Using distilled water as a blank, Aliquots of sample 5-6ml volume of clear dye solution were prepared and absorbance was analyzed using UV- Visible Spectrophotometer (HITACHI, Model no- U2800). Decolorization can be determined within absorbance of wavelength 200-800 nm and by the reduction in area of peak for each dye.

Following graphs obtained were given below.


According to UV-Visible spectra the sample degraded maximally (51.02%) at 200nm for methyl orange. For Eriochrome Black T, sample degraded maximally (35.12%) at 700nm and 33.72% at 200nm.

HPLC Analysis

Using HPLC various degraded products were analyzed. For Eriochrome Black T degradation products found were Nitrobenzene, 1-amino 2-hydroxyl naphthalene, 4-amino -3- hydroxy benzyl sulfonyl by comparing of retention time and UV-Visible spectrum.

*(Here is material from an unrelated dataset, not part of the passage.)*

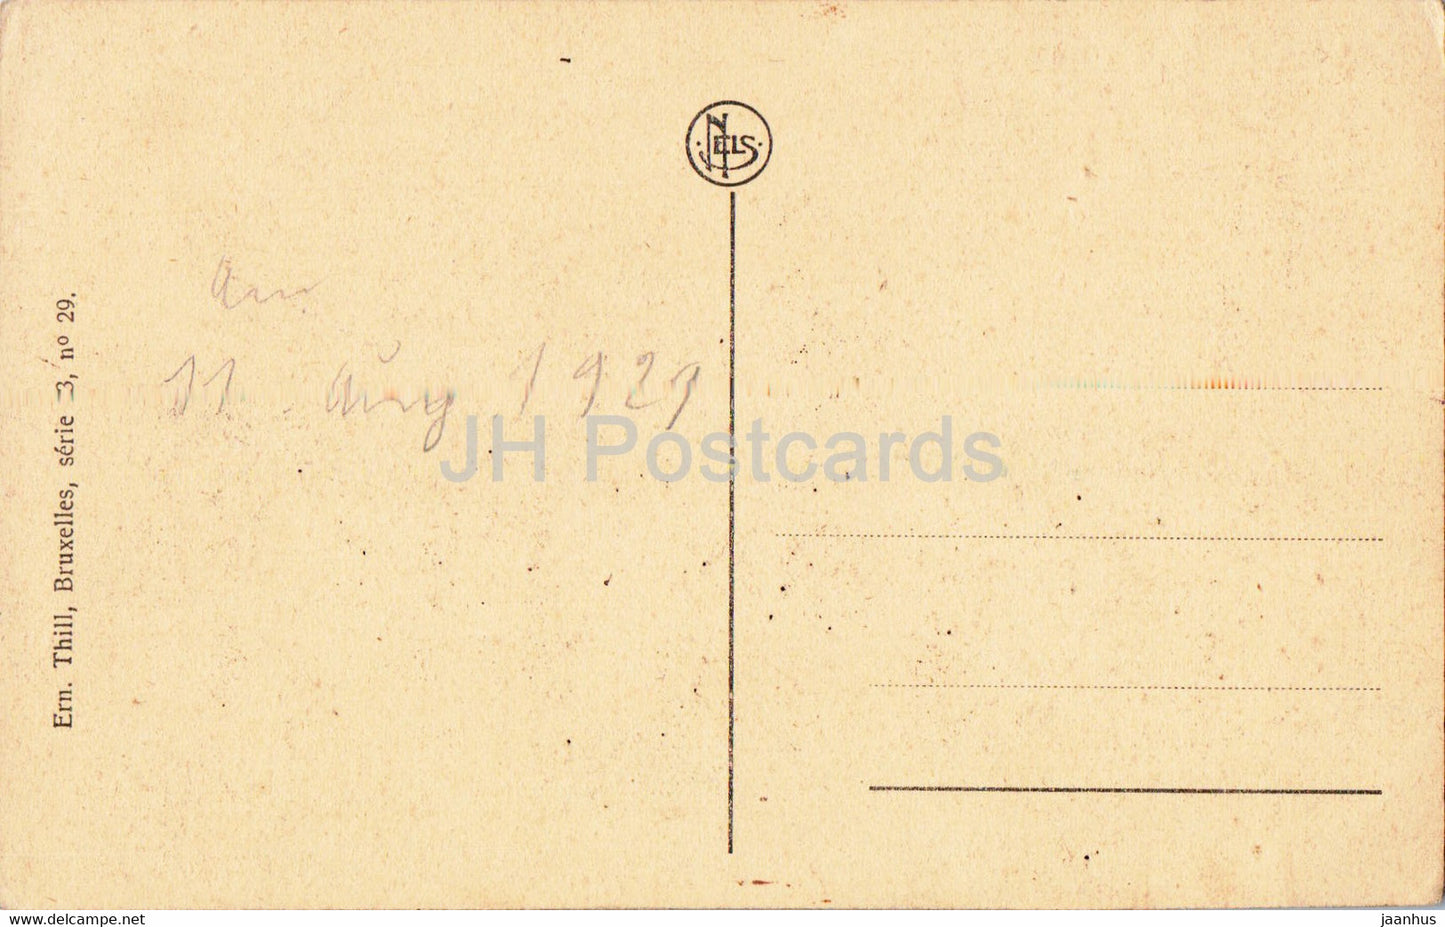 Ostende - Ostende - Le Kursaal et la Plage - plage - carte postale ancienne - 1921 - Belgique - utilisé

For Methyl Orange degradation products were Para–amino benzyl sodium sulphonate and 4-N,N dimethyl aniline.


Our present study demonstrates that this edible mushroom could degrade both the azo dyes with enzymatic systems involved in the decolorization of these dyes in liquid medium. Further study of the mechanism of the degradation of Methyl Orange and Eriochrome Black T with similar structures by this mushroom is underway. So that this macro fungi can be used for the treatment of waste water in textile industries.